Старик не смотрел на него, он не сводил глаз с мексиканцев, но Прентис понял. Старик уже двигался дальше, по направлению к кромке лощины, спустился вниз и направился к ним, осторожно, с пистолетом в вытянутой руке, не сводя с них глаз.
— Посмотри, как там остальные четверо. Убедись, что они мертвы.
Прентис, не задумываясь, двинулся назад. Быстро же кончился этот бой. Все длилось не больше пятидесяти секунд, но эти секунды стали самыми напряженными в жизни Прентиса. По-прежнему возбужденный, он дошел до впадины, где лежали те четверо. Он должен был держать себя в руках, хорошо подумать, сделать все правильно: отойти от кромки и двигаться по направлению к ним осторожно, не спуская с них глаз. Он ногой отшвырнул их ружья. Потом отступил назад, внимательно наблюдая, не подают ли они признаков жизни. Он увидел: у кого руки вытянуты, а у кого спрятаны. Таких было двое, и он прострелил им головы. Потом он на всякий случай выстрелил и в оставшихся.
Удовлетворенный, он поплелся назад. В ущелье перестали стрелять. Люди стояли на краю и смотрели вниз, на него. Кто-то спускался к нему в лощину. Они окружили мертвые тела, смотрели на него, и он дотронулся до своей щеки. Щека горела. Он не понял, в чем дело. Потом до него дошло. Он находился справа от старика, и одна пуля рикошетом задела его. Он этого и не заметил. Ему было не до того. Он продолжал сидеть, потирал щеку, смотрел на тела, не зная, кого застрелил старик, а кого он сам — ему было совершенно все равно; он сидел, потирал щеку и смотрел, чувствуя теперь тошнотворный запах развороченных черепов и ран. Может быть, из-за возбуждения, может быть, из-за запаха, но внезапно он нагнул голову между колен, и его стало рвать. Его рвало и рвало, казалось, это никогда не закончится.
Глава 69
— Ты сделал неправильно.
— Черт возьми, вы правы. Господи, я прострелил головы всем четверым.
Старик взглянул на него и нахмурился.
— Я не об этом.
— А я об этом. Боже, я стрелял в них. В них вовсе не надо было стрелять. Они были мертвы. Это же было ясно.
— Конечно. А потом ты бы отошел, кто-нибудь из них приподнялся и уложил бы тебя.
— Можно было и по-другому. Я мог подождать подмоги. Господи Иисусе, я пошел один, чтобы доказать себе, что способен на это. Потом перепугался и перестрелял их. Более того, мне это понравилось. Я увидел, как разлетаются у них черепа, и продолжал стрелять. Как будто мне мало было стрельбы там, наверху. Прострелил четыре черепа ради удовольствия.
— Зато теперь они никому не принесут вреда.

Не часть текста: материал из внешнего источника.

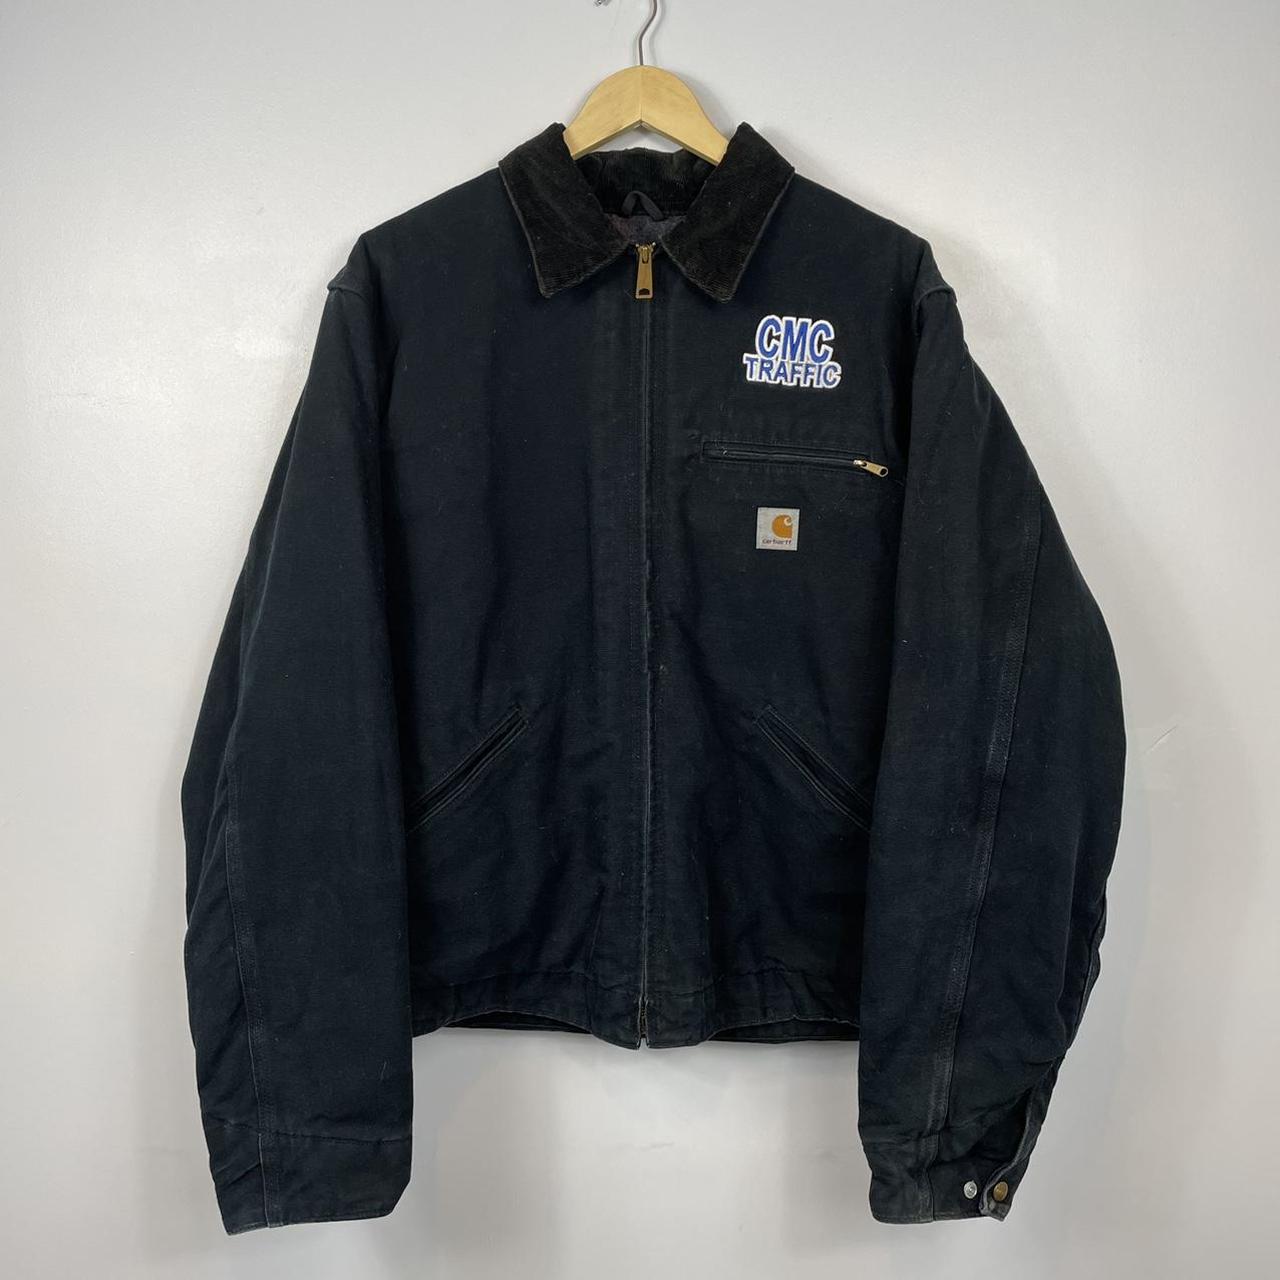 Vintage Carhartt Jacket, Black, Embroidery, Made in... - Depop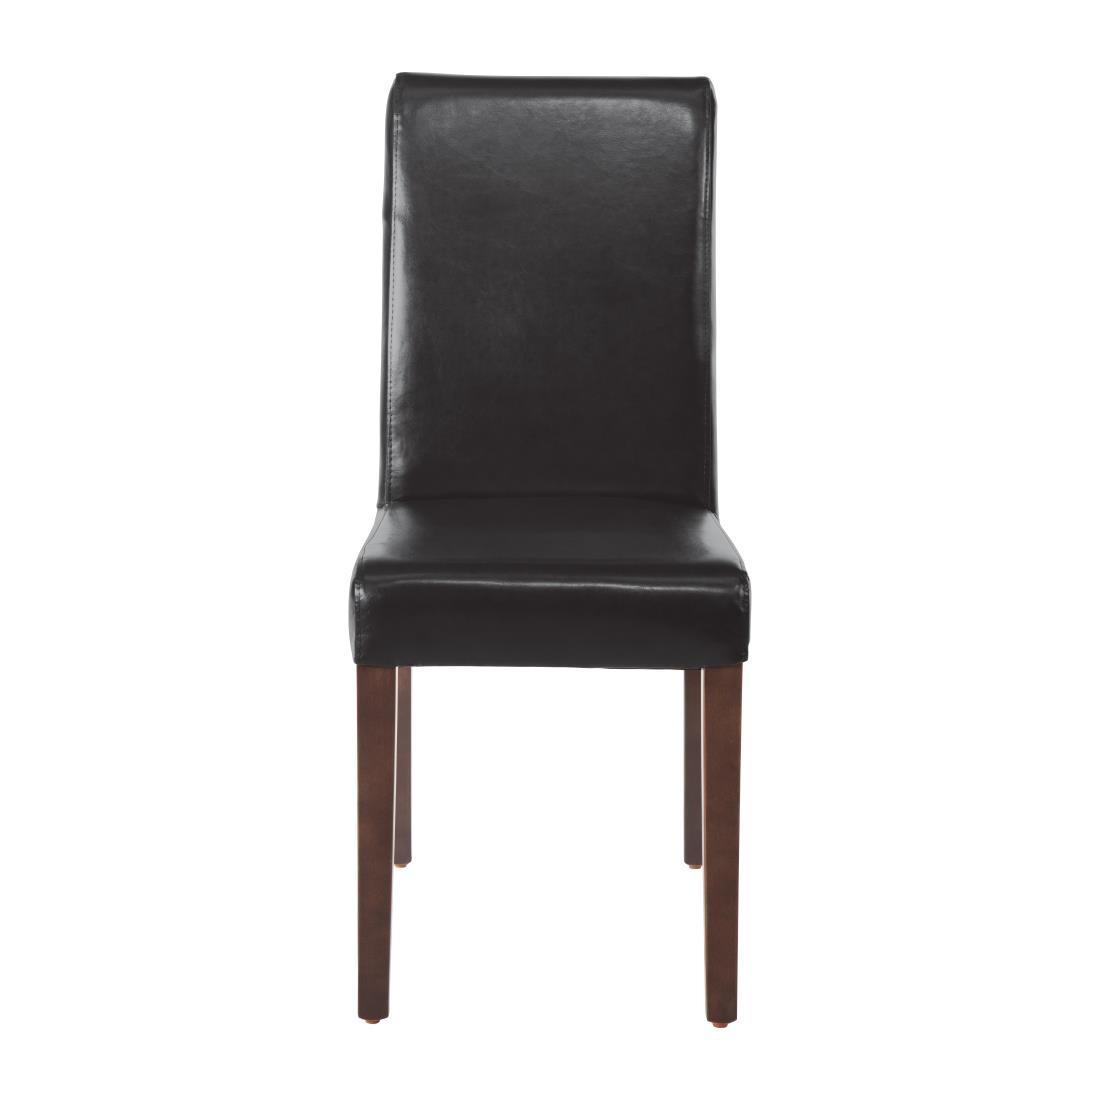 Bolero Faux Leather Dining Chair Black (Box 2) - GF954  - 2

— Да какая разница! Неужели не понятно? Мне не нравится то, что я при этом чувствовал!
— Пойди расскажи это тем, кого они убили. Спроси лейтенанта, пусть скажет тебе из могилы, надо ли было тебе делать это.
— Господи, вы так ничего и не поняли. Я вовсе не хотел отомстить. Я это сделал, потому что мне это нравилось!
Старик поднял глаза и ткнул в него пальцем.
— Ладно, теперь послушай меня. Я терпеливо тебя слушал. А теперь скажу тебе вот что. Возьми себя в руки. Мне плевать, почему именно ты так поступил. У тебя это пройдет. Главное — ты сделал так, что вреда от них уже не будет никому. Другое дело, что ты был неосторожен. У тебя осталась пустая обойма. Три выстрела, когда мы их преследовали. Еще четыре, когда ты подошел к ним. Ты остался без патронов и даже не подумал снова сменить обойму. Где, черт возьми, твой запасной пистолет? Откуда ты знал, что никого больше нет поблизости? Ты остался совершенно без защиты — стреляй не хочу. Вот что с тобой будет, если станешь много рассуждать. Помрешь. Ладно, я занят. На твоем месте я бы прекратил копаться в себе и сосредоточился на том, как остаться в живых. А то тебе об этом некогда подумать.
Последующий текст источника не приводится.